24 October, 2024 - 12:19PM
Boeing Machinists Reject Contract Offer, Extending Strike and Plunging Company Deeper Into Crisis
Credit: kgw.com

Boeing machinists voted against a new labor deal that included 35% wage increases over four years, their union said Wednesday, extending a more than five-week strike that has halted most of the company's aircraft production, which is centered in the Seattle area.

The contract's rejection by 64% of the voters is another major setback for the company, which warned earlier Wednesday that it would continue to burn cash through 2025 and reported a $6 billion quarterly loss, its largest since 2020.

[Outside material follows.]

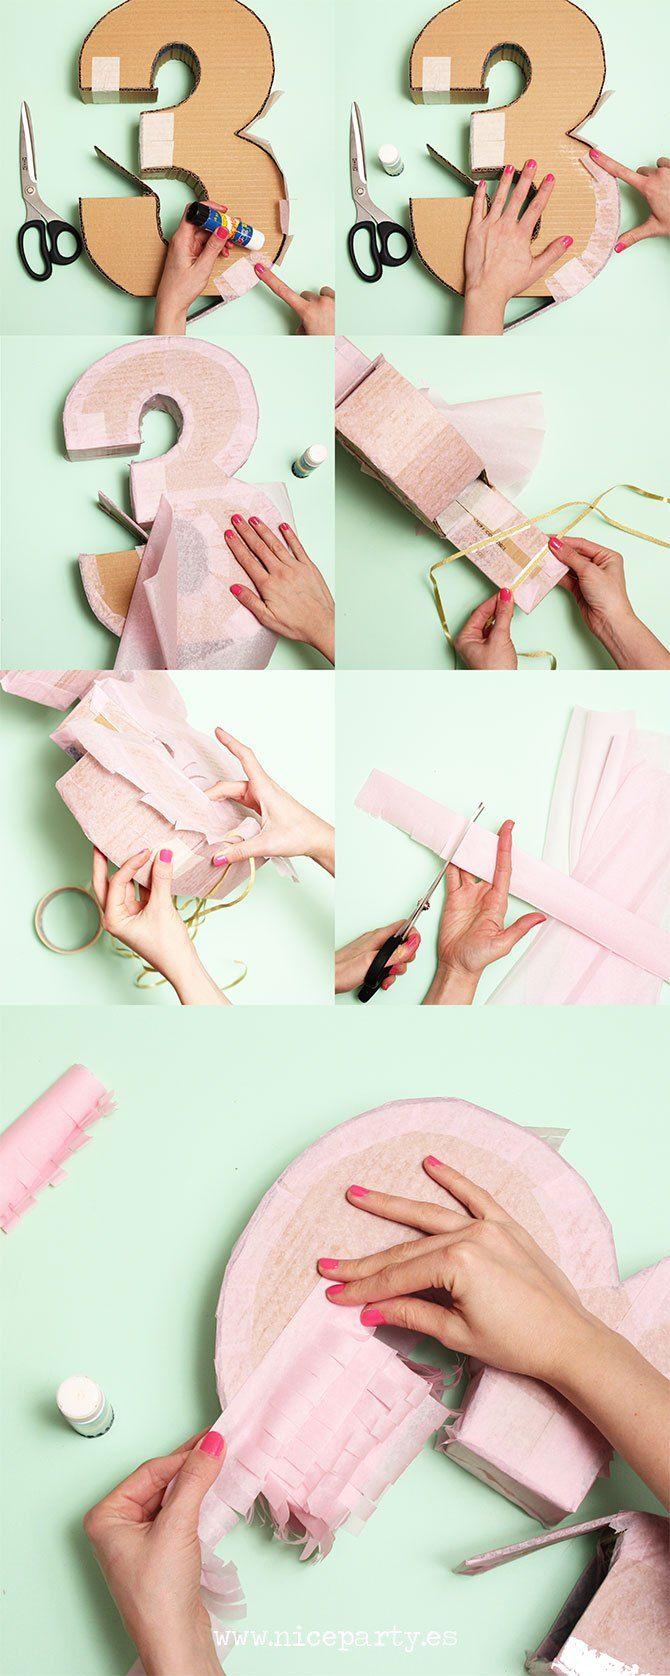 How to make a piñata step by step

The strike is costing the company about $1 billion a month, according to S&P Global Ratings.

New CEO Kelly Ortberg had said reaching a deal with machinists was a priority in order to get the company back on track after years of safety and quality problems.

"My focus is getting everybody looking forward, get them back to work, improve that relationship," Ortberg told CNBC's "Squawk on the Street" earlier in the day, when asked about the strike.

Ortberg's laid out his vision for Boeing's future, which could includes slimming down the company to focus on core businesses. Earlier this month, he announced Boeing will cut 10% of its global workforce of 170,000 people.

Boeing's more than 32,000 machinists in the Puget Sound area, in Oregon and in other locations walked off the job on Sept. 13 after overwhelmingly voting down a previous tentative agreement that proposed raises of 25%. The International Association of Machinists and Aerospace Workers union had originally sought wage increases of 40%. It is the machinists' first strike since 2008.

The latest proposal, announced last Saturday, included 35% raises over four years, increased 401(k) contributions, a $7,000 bonus and other improvements.

Workers had pushed for higher pay amid a surge in living costs in the Puget Sound area. Some machinists were upset about losing their pension plan in a previous contract that they signed in 2014, but the latest proposal didn't offer a pension.

Boeing agreed in the new contract to build its next aircraft in the Pacific Northwest, which had also been a sticking point with unionized workers after Boeing moved all of its 787 Dreamliner production to a non-union factory in South Carolina.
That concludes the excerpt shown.